The infant mortality rate in California is one to the lowest in the nation.  However, the mortality rate for African-American babies is dramatically higher in California and San Diego County.  Additionally, African American women locally have the highest percentage of low birth-weight babies.

The national goal is to reduce the African-American infant mortality rate to 4.5 per thousand and low birth weight to 5%.  Based on a three-year average (2005-2007), San Diego County’s rate for infant mortality among African Americans is 10.0 per thousand  and the low birth rate is 16.1%.

The Black Infant Health program provides services to pregnant and parenting African-American women and infants to ensure that African-American babies are born healthy and have the opportunity to grow into healthy children.  The County of San Diego administers the program through Family Health Centers of San Diego, which provides direct Black Infant Health services to “at risk” African-American women and infants. The services provided include: group prenatal and post-partum classes; help with enrolling in health insurance and finding prenatal and well child care; referrals for emergency food, clothing, housing and medical services; advocacy for clients and social support.
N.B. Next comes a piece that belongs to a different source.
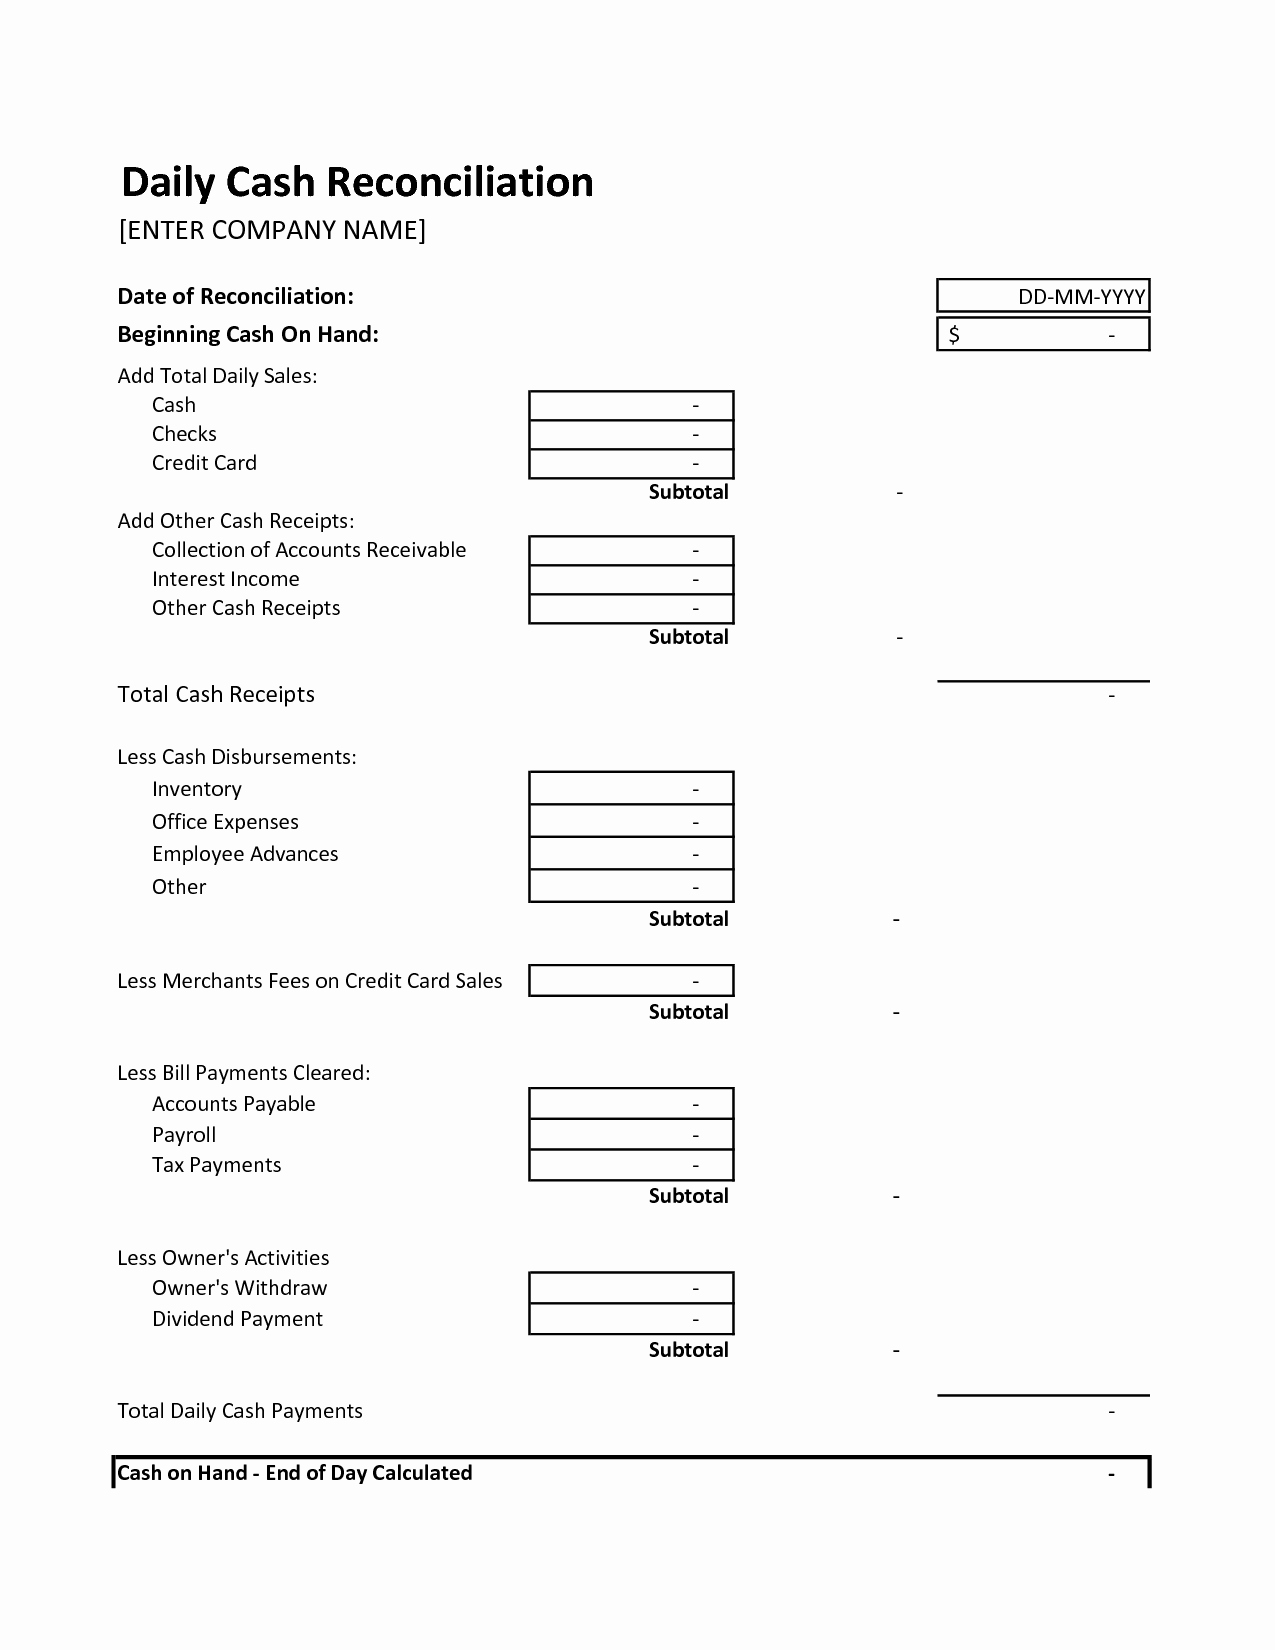 Daily Cash Report Template Beautiful End Day Cash Register Report Template
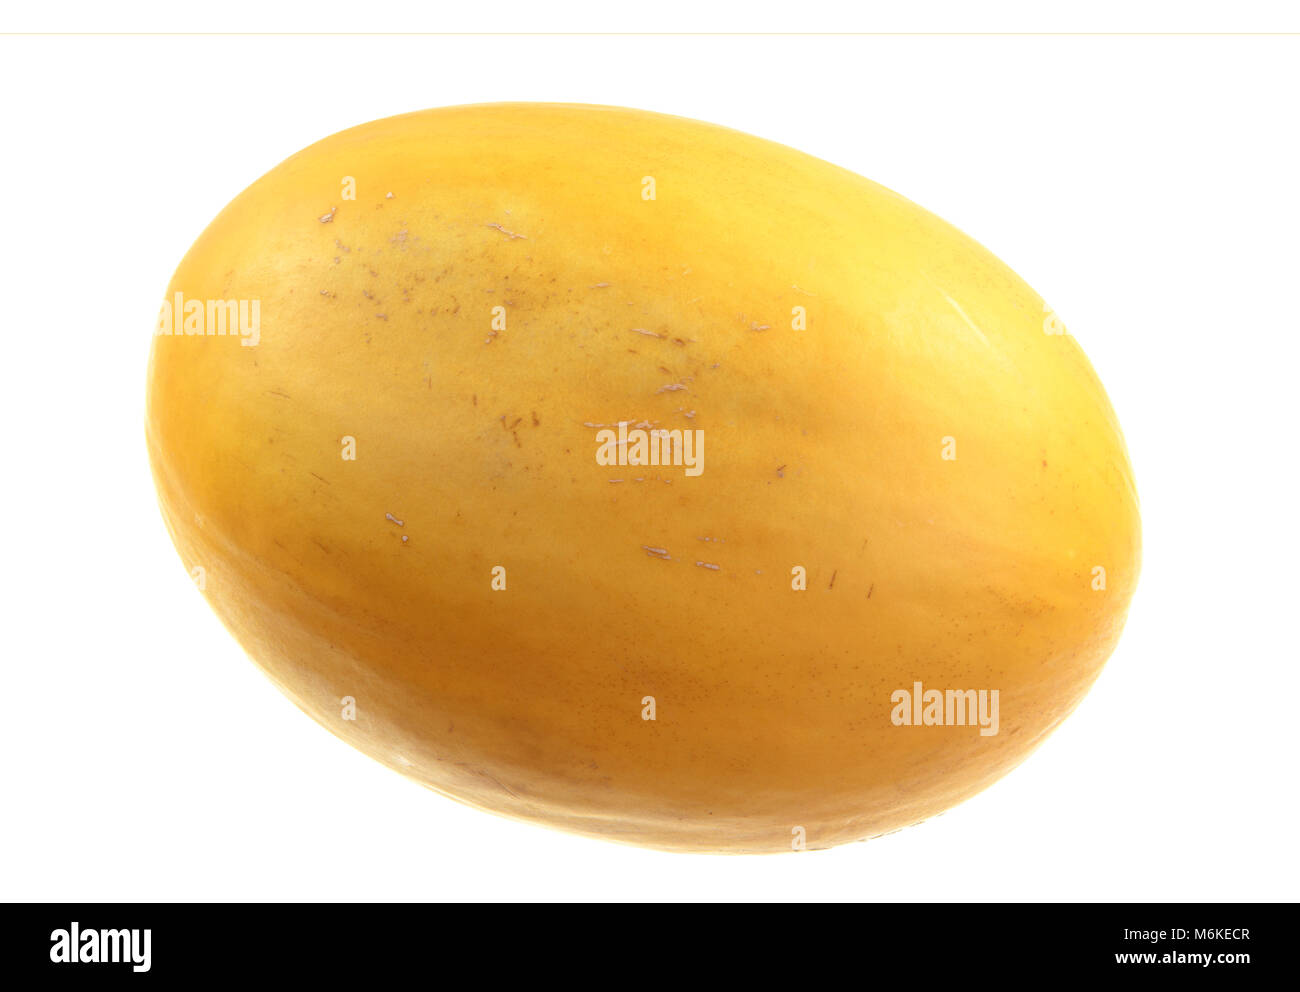 The Golden melon, also called Hello Melon, is a refreshing, crispy and crunchy fruit, with an elliptical shape, high in sugar and rich in water. Stock Photo

“San Diego County has made progress in reversing African-American mortality and low birth rates through the Black Infant Health program,” said Wilma J Wooten, M.D., M.P.H., Deputy Health Officer for the County of San Diego Health and Human Services Agency.  “This program meets a critical need within our community, but due to the state’s economic crisis, the state eliminated all State General Funds for the BIH program in FY 09-10, which also resulted in a loss of Federal matching funds. This elimination of funding had a significant impact on BIH services to “at risk” pregnant African-American women and their infants. First 5 San Diego approved a one-year funding from its Emerging Critical Needs program allocation.”

With no end to the state’s budget woes in sight, First 5 San Diego commissioners voted in August 2010 to extend funding of the Black Infant Health program for two additional years.

“The Black Infant Health program meets the criteria of the Commission’s Emerging Critical Needs policy which funds projects that address the most critical gaps in the safety net for young children and families,” said Barbara Jiménez, executive director, First 5 San Diego.   “This funding supports the Commission’s strategic plan to respond to critical needs emerging from state and local economic conditions.”

The Emerging Critical Needs policy allows for an organization to request up to three years of funding for an emerging critical need.  In all, First 5 San Diego has allocated more than $609,000 to the Black Infant Health Program over three years. These funds are matched on a 1:1 basis with Federal Title XIX dollars.